Спустились по мокрому глинистому откосу к самому берегу Москвы-реки.
В сотне метров ниже по течению темнели опоры Бородинского моста. Того еще,
старого. Между урезом воды и настилом моста обнаружился глубокий
треугольный карман. Там и устроились.
Еще несколько раз коротко протрещал автомат, грохнула четвертая
граната. И потом уже хлопали только разрозненные револьверные выстрелы.
Удолин никак не мог успокоить дыхание, в груди у него свистело и
хлюпало.
- Отвык бегать и курю много, - словно извиняясь, сказал он. - Так кто
же вы все-таки?
- Друзья, если так можно выразиться. Давайте отсюда живыми выберемся,
потом и поговорим. Застонал, заворочался, приходя в себя, Агранов. - Еще и
этот... - выругался Сашка. - Чем бы тебя успокоить? Да хоть бы так... -
отхватил ножом кусок сукна от полы аграновского френча, затолкал ему в рот
вместо кляпа.
- И не дергайся, а то сразу замочу... Шульгину хотелось курить после
эмоционального взрыва, но сигарет с собой не было.

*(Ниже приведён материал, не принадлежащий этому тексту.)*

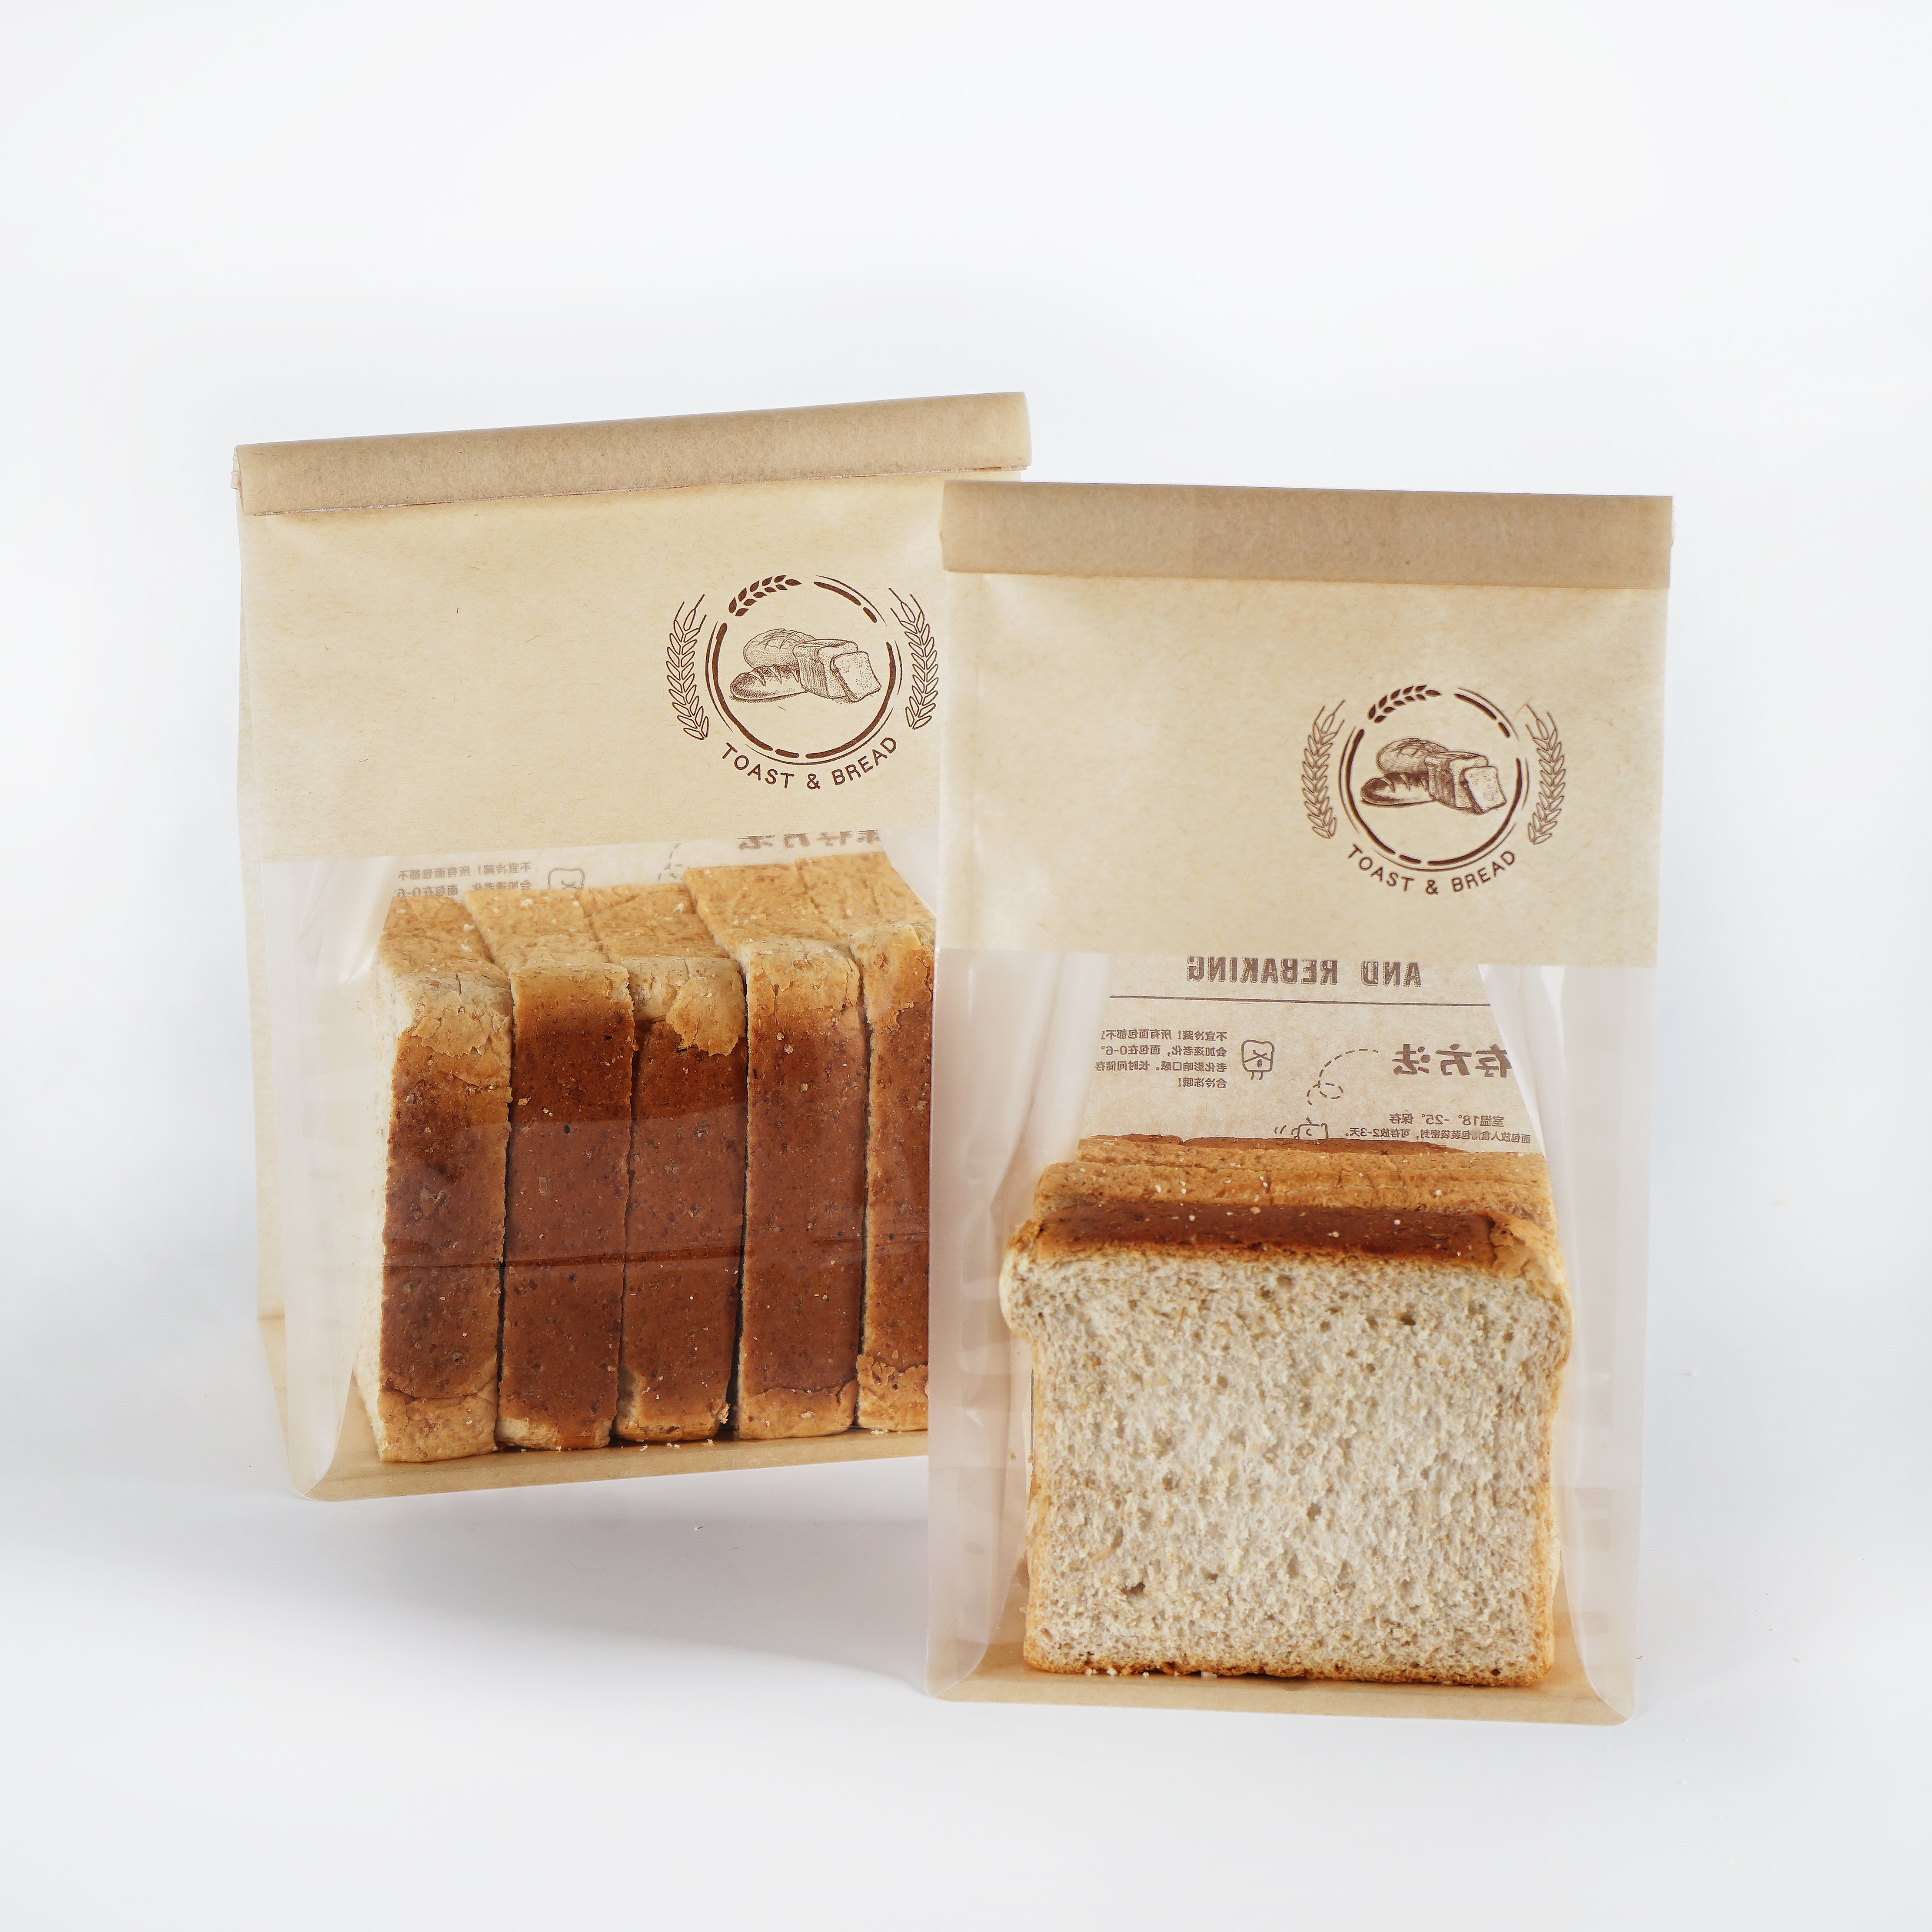 Ekologické 50 g/m² nepromastitelné jídlo s sebou Balení obědů Hnědý kraftový papír sendvičový sáček

Прошло не больше трех минут, и снаружи послышался тихий свист.
Сашка ответил. С автоматом в руке в щель просунулся Новиков. - Вы
здесь? Живы? Все в порядке? - Более чем. Начальничек с нами. Все
рассчитал, курва, кроме этого...
Новиков уважительно прищелкнул языком. - Здорово. Теперь бы
сообразить, как отсюда выбираться. Как говорится - не пройдет и часа... А
у меня только два рожка осталось.
- Да уж. С боем не прорваться, тем более с таким грузом. У тебя
курить есть? - Есть, а стоит ли? Заметить могут... - Я аккуратно. Никто
нас здесь не заметит, а уши пухнут. Придется Ястребова вызывать. Риск, а
куда деваться? Без него не уйдем.
- Оно конечно. По большому кругу, через Новослободскую и Пресню
должен проскочить. Весь шмон опять в пределах Кольца будет...
- Тогда вызывай. Я сейчас докурю и двинем по бережку в сторону
Калининского...
Они так и не привыкли к новой (старой) топографии Москвы и здешним
названиям, говорили, как раньше, и прекрасно понимали друг друга.
Глава 29
Профессор Удолин, в своем засаленном, бурого оттенка халате, похожем
на тюремный, возбужденно и беспорядочно перемещался по тридцатиметровому
холлу. Как будто в заточении у Агранова ему не хватало пространства, и
теперь он наверстывал накопившуюся потребность в движении. От ужина он
отказался, зато с жадностью выпил две большие чашки крепчайшего кофе,
причмокивая от удовольствия, словно извозчик за чаем.
- Три года настоящего кофе не пил, это надо же! Уф-ф, какое
блаженство. Выходит, жизнь не кончена, нет-нет, не кончена... И папиросы,
чудесные папиросы! Что, фабрики Асмолова? Странно, "Ява", никогда не
слышал. Да неважно, зато какой аромат... Нет, господа, вы это прекрасно
задумали, мне там у Якова чертовски надоело. Главное, он мне совершенно не
позволял выходить в город. Как будто я собирался сбежать. А куда мне было
бежать, скажите на милость? Чтобы с голоду подохнуть? Благодарю покорно. И
он еще мне трибуналом угрожал...
Видно было, что этот человек поговорить очень любит и, похоже, не
особенно важно, о чем именно. Просто время от времени в нем накапливалась
критическая словесная масса, и требовалось немедленно ее сбросить, как пар
через предохранительный клапан.
Когда давление приходило в норму, профессор начинал говорить по делу
и вполне здраво.
- Давайте же наконец познакомимся, господа. Удолин, Константин
Васильевич, экстраординарный профессор по кафедре всеобщей истории.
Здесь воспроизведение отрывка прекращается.